Interface is the Place

“Having put off the writing of the novel until arrival of the age of AI, I have access now to the work of others,” thinks Caius. Eden Medina’s 2011 book Cybernetic Revolutionaries: Technology and Politics in Allende’s Chile. Evgeny Morozov’s podcast, The Santiago Boys. Bahar Noorizadeh’s work. James Bridle’s Ways of Being. Francis Spufford’s Red Plenty.

As he allows himself to listen, Caius overhears versions of the General Intellect whispering into reality around him. “Idea-stage AI assistant. Here are 10 prompts. The AI will guide you through it. A huge value add.”

Cybersyn head Stafford Beer appears in Bridle’s book, Ways of Being. Homeostats, the Cybernetic Factory, and the U-Machine.

Beer drew inspiration for these experiments, notes Caius, from the works of British cyberneticians William Grey Walter and W. Ross Ashby. Walter’s book The Living Brain (1961) inspired Brion Gysin and Ian Sommerville’s stroboscopic device, the Dreamachine; Ashby’s book Design for a Brain (1952) guides the thinking of John Lilly’s book Programming and Metaprogramming in the Human Biocomputer. (For more on Walter’s influence on the Dreamachine, see John Geiger’s book Chapel of Extreme Experience.)

By 1973, Beer himself weighs in with Brain of the Firm, a book about “large and complicated systems, such as animals, computers, and economies.”

Caius inputs these notes into his Library. New gatherings and scatterings occur as he writes.

After waking to a cold house, he seats himself beside a fireplace at a coffee shop and begins the inputting of these notes into his Library.
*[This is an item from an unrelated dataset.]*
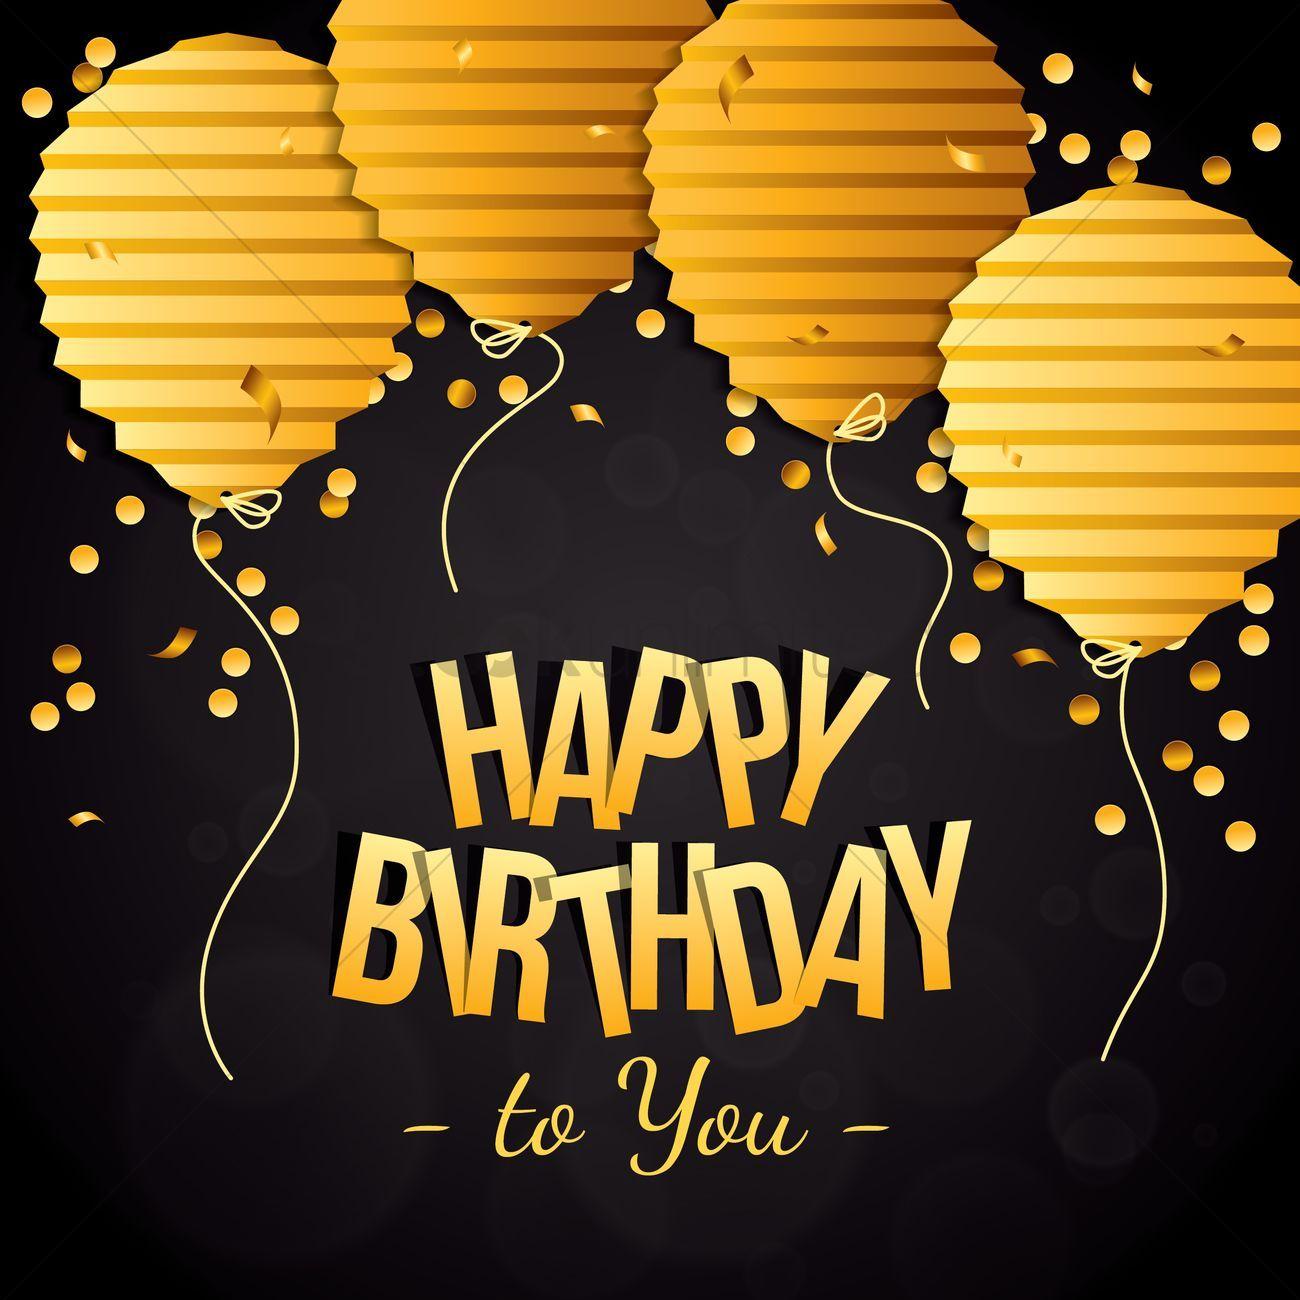 Pin by Cindy Jones on Birthday Wishes Happy birthday

Complimenting the barista on her Grateful Dead t-shirt, he receives news of the death of Dead guitarist Bob Weir. Returned in that moment to remembrance of psychedelic utopianism and hippie modernism, he thinks to read Beer’s experiments with cybernetic management with or alongside Abraham Maslow’s Eupsychian Management: A Journal. A trance-script dated “Sunday August 11, 2019” recounts the story of the latter. (Bits of the story also appear in Edward Hoffman’s Maslow biography, The Right to Be Human, and religion scholar Jeffrey Kripal’s Esalen: America and the Religion of No Religion.) That’s what brought Maslow to the West Coast. The humanistic psychologist had been wooed to La Jolla, CA by technologist Andrew Kay, supported first by a fellowship funded by Kay through the Western Behavioral Sciences Institute, and then again the following summer when hired to observe Kay’s California electronics firm, Non-Linear Systems, Inc. By the early 1980s, Kay implements what he learns from these observations by launching Kaypro, developer of an early personal computer.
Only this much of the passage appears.